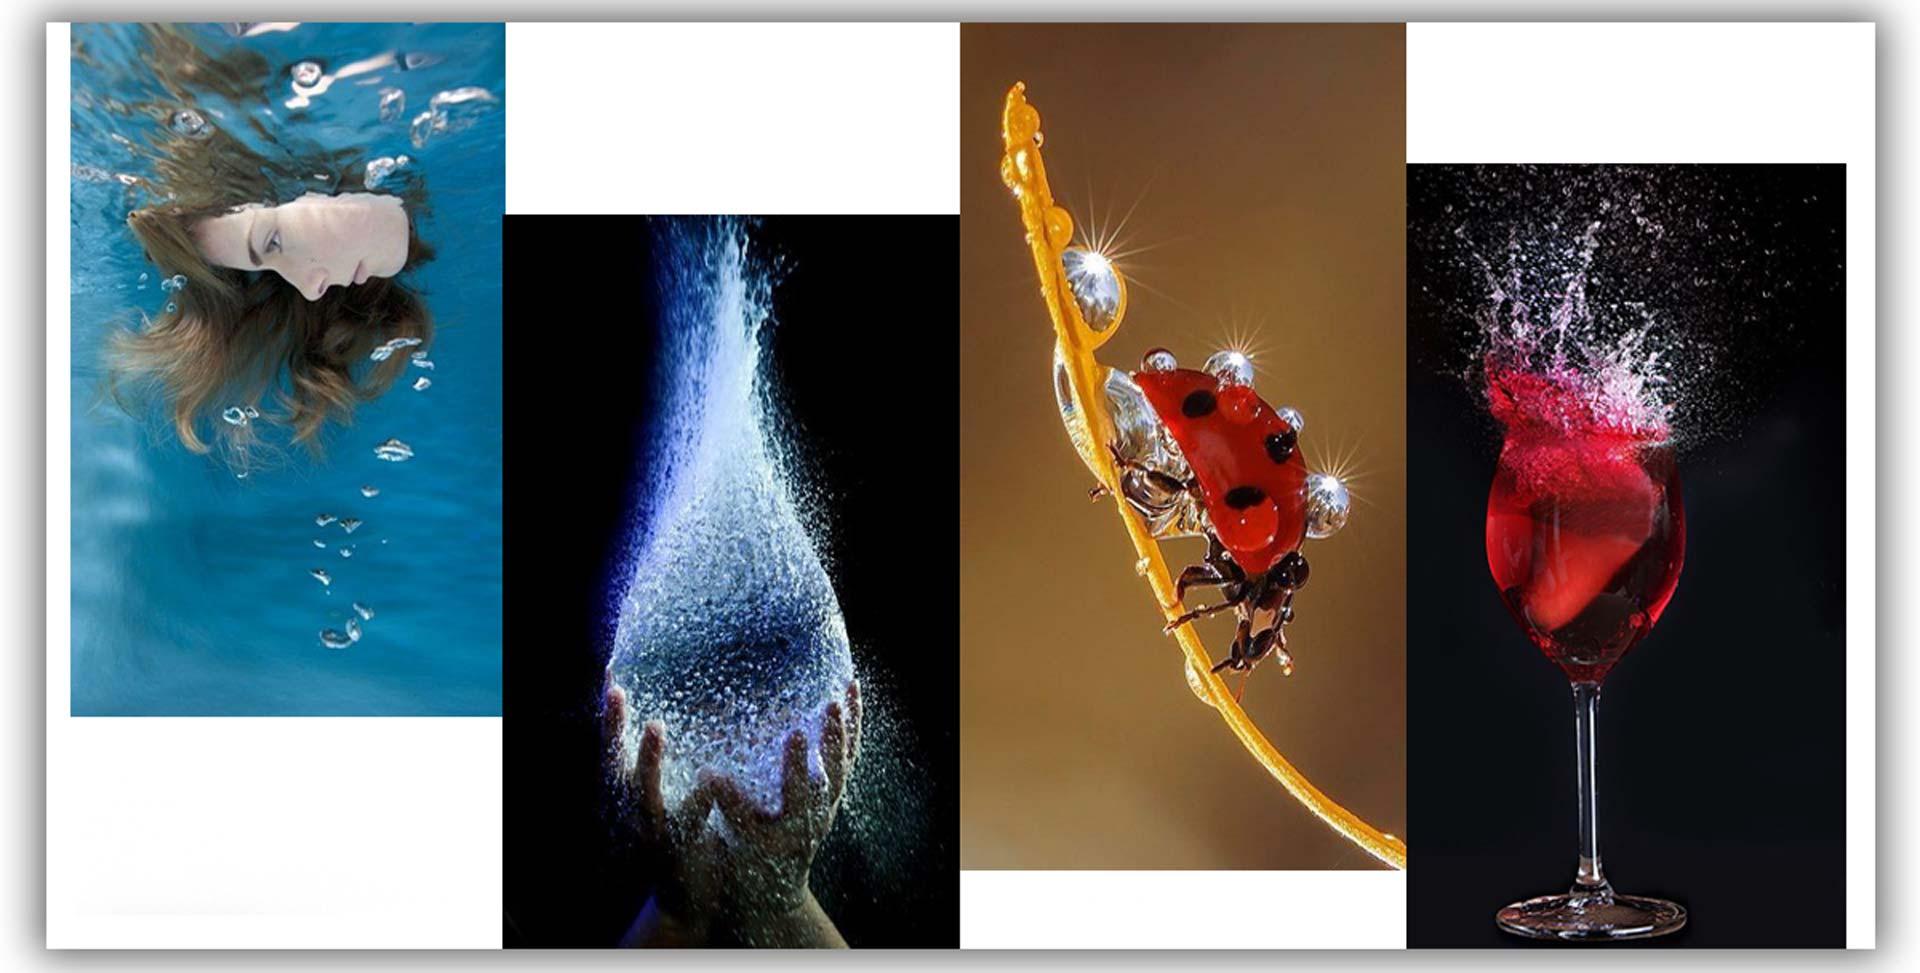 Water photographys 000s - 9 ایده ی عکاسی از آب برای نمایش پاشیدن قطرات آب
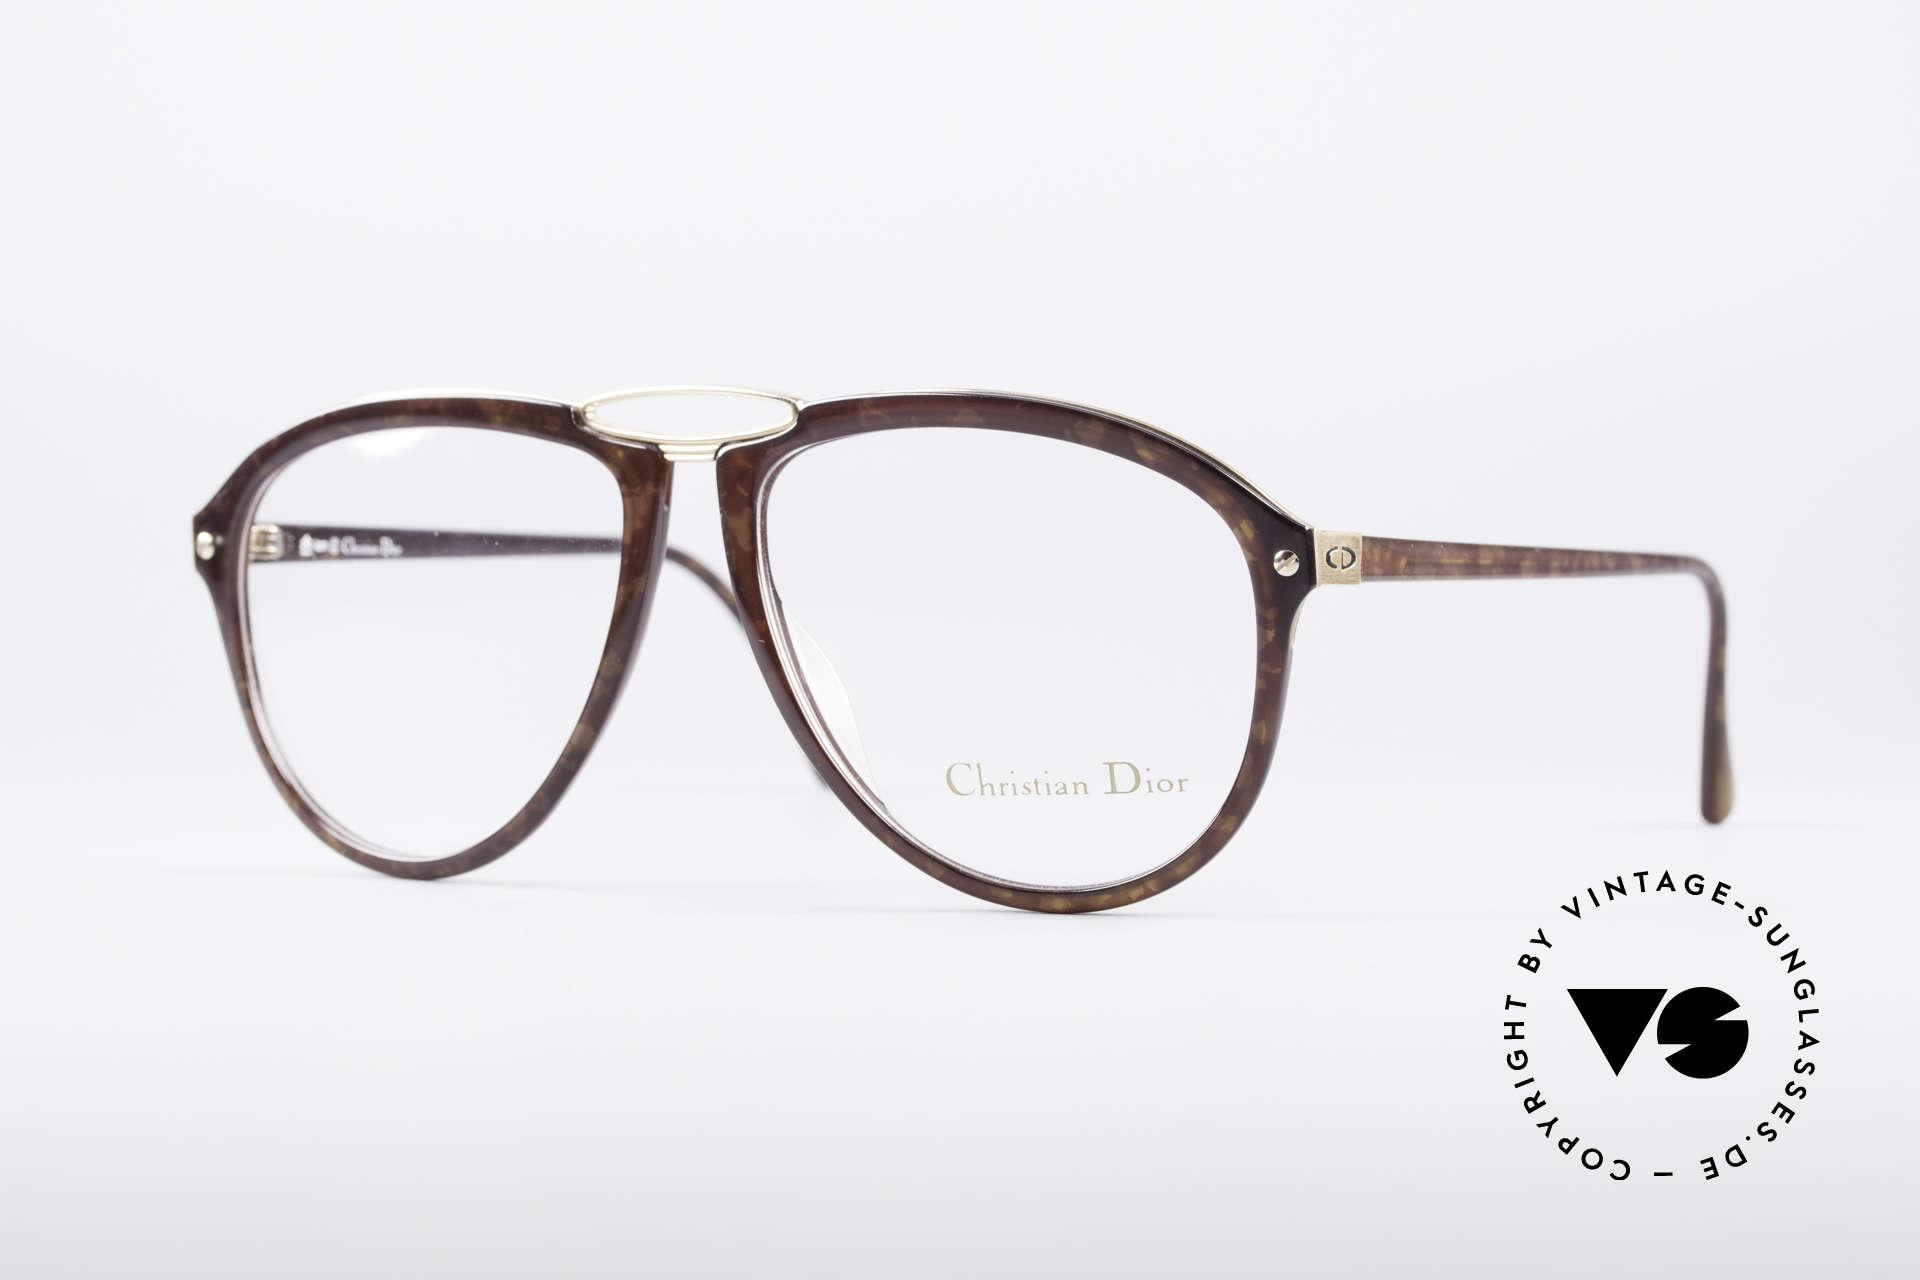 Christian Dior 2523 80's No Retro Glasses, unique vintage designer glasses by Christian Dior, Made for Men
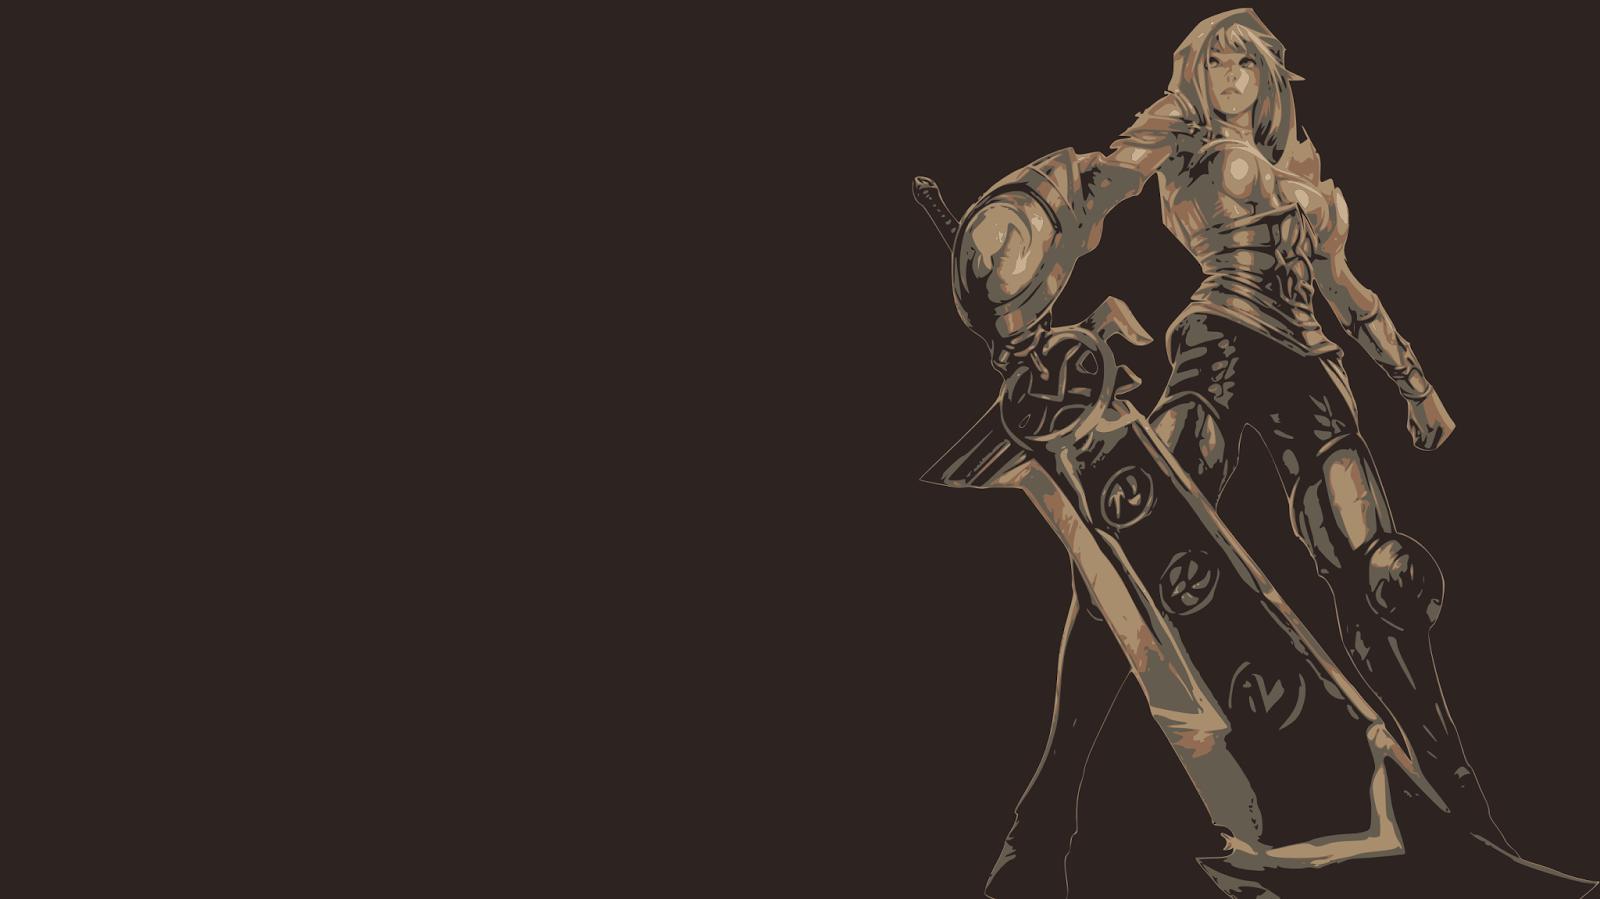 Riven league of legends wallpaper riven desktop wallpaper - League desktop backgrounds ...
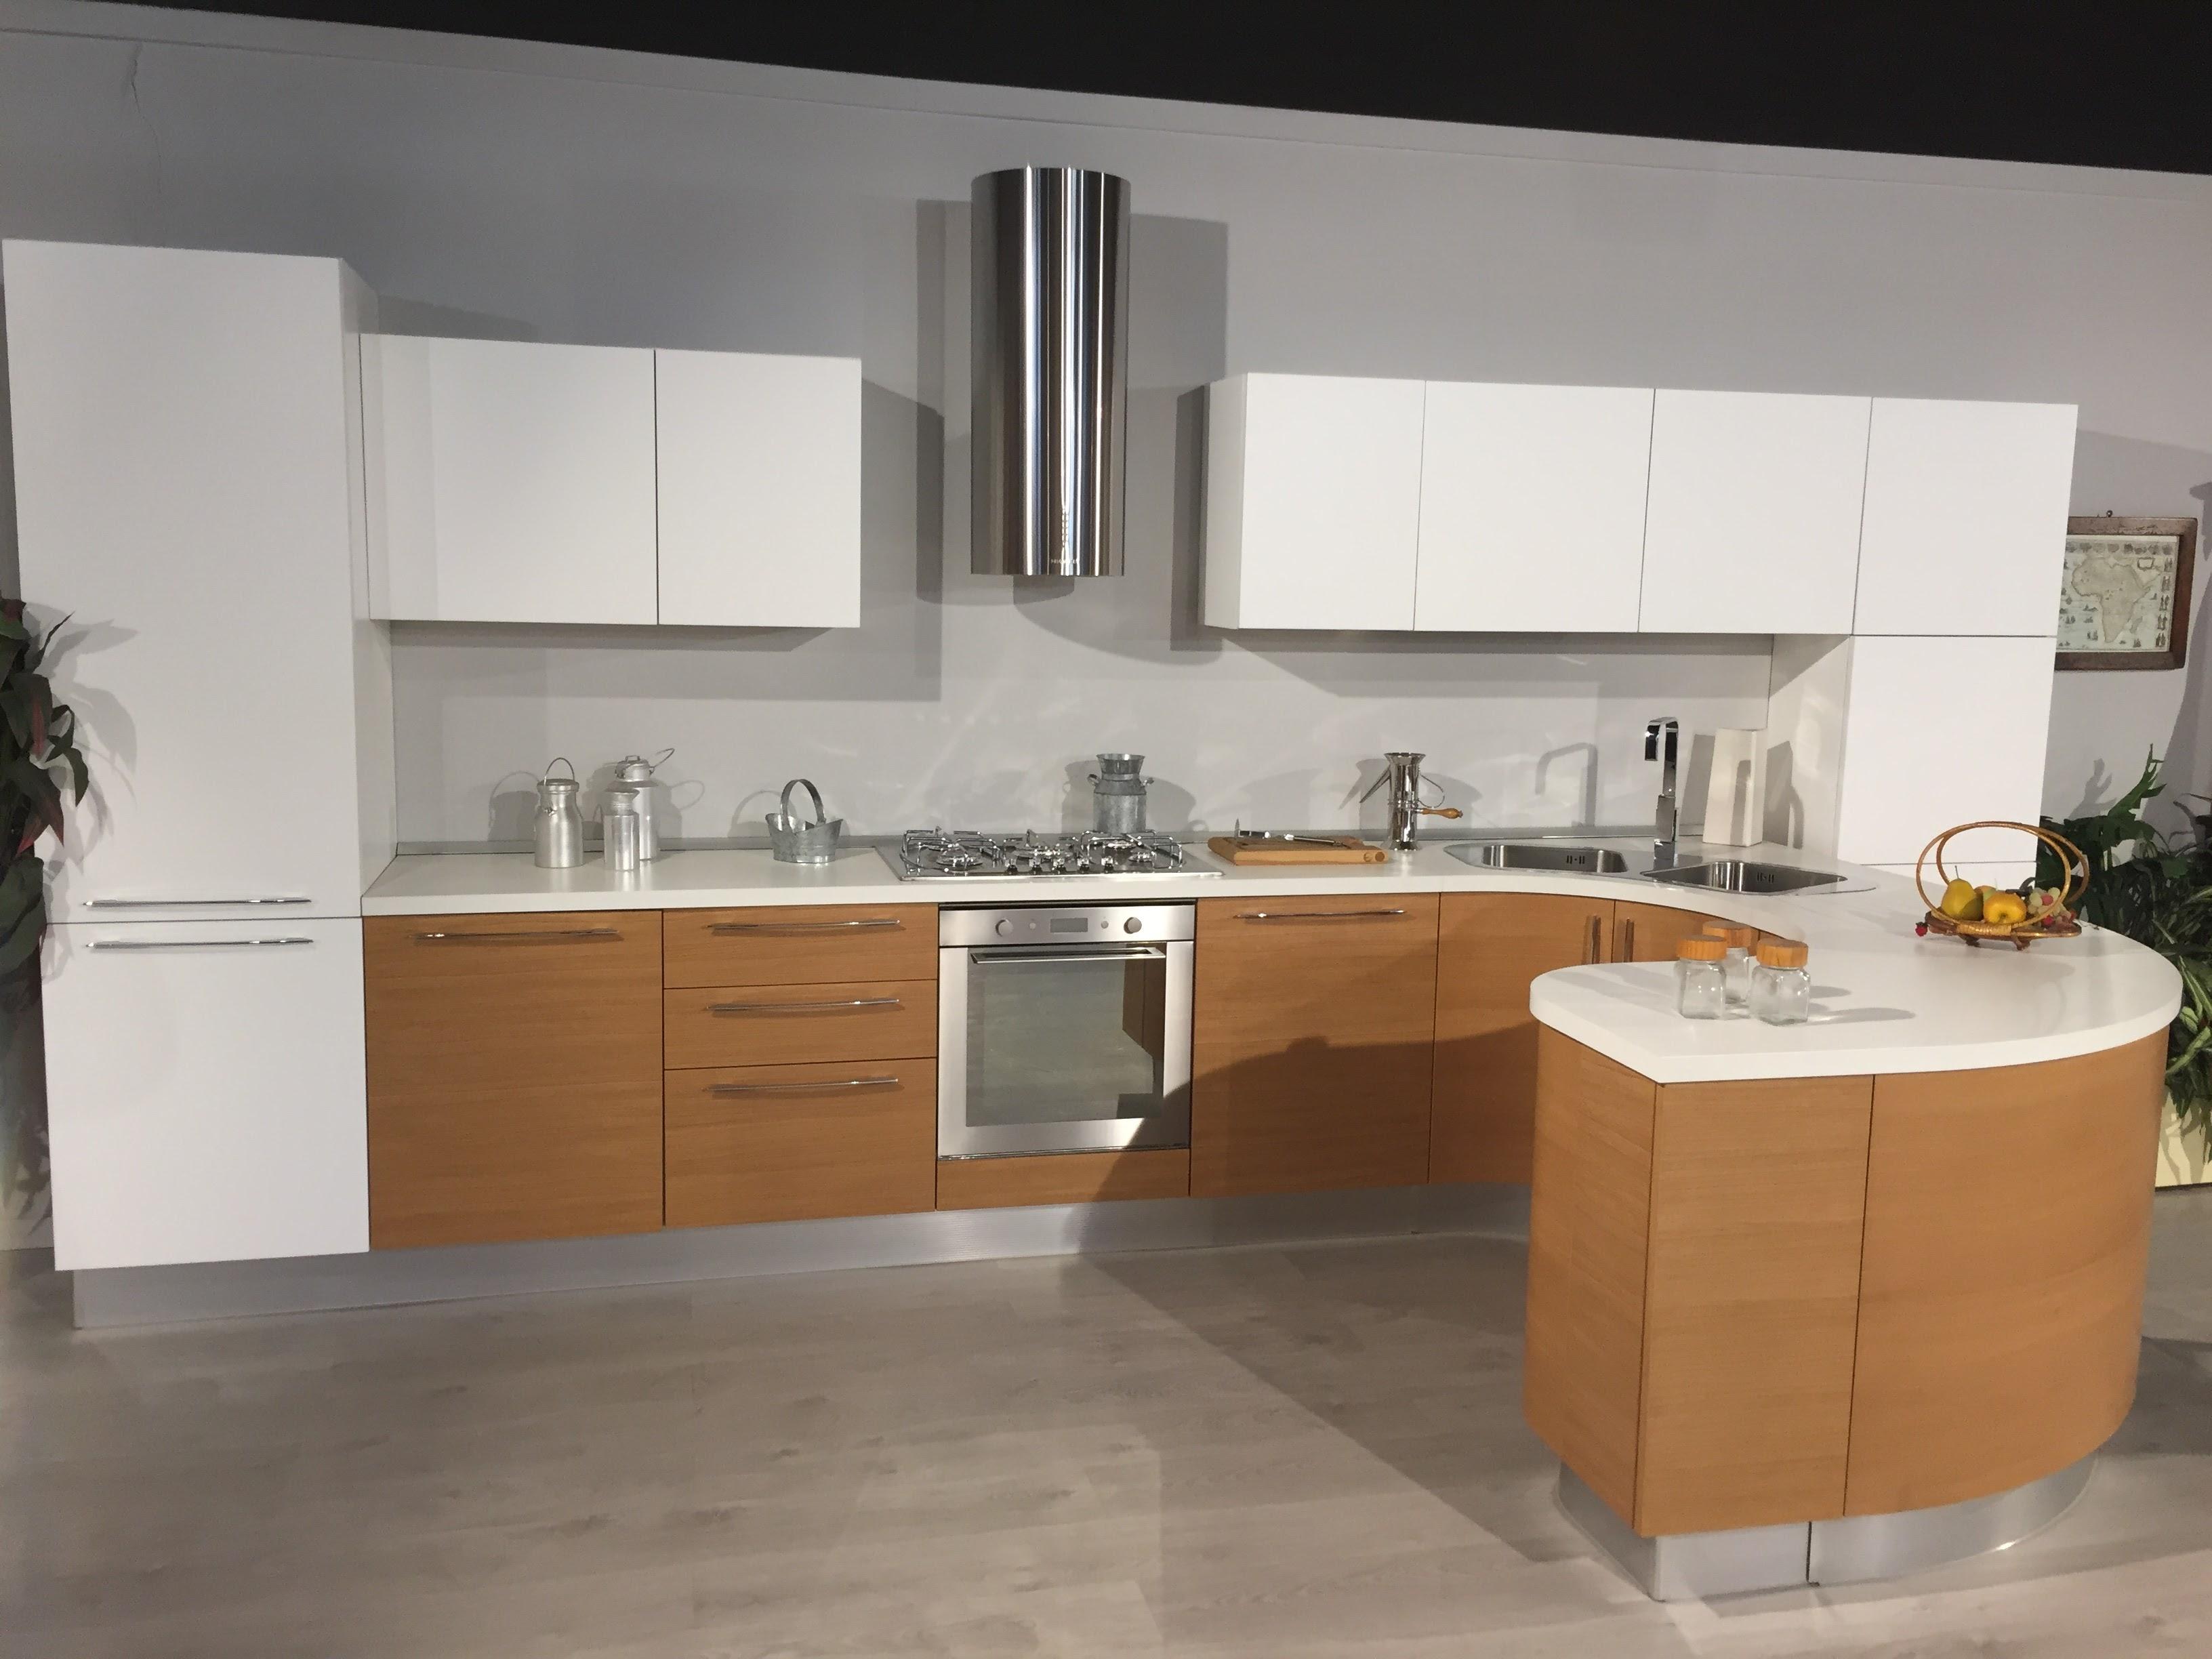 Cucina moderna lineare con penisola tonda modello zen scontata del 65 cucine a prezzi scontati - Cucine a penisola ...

§ **Problem to work on**
Apart from the pictures, every line of the data above should be given again exactly.

§ **Response to this task**
 Water photographys 000s - 9 ایده ی عکاسی از آب برای نمایش پاشیدن قطرات آب
 Christian Dior 2523 80's No Retro Glasses, unique vintage designer glasses by Christian Dior, Made for Men
 Riven league of legends wallpaper riven desktop wallpaper - League desktop backgrounds ...
 Cucina moderna lineare con penisola tonda modello zen scontata del 65 cucine a prezzi scontati - Cucine a penisola ...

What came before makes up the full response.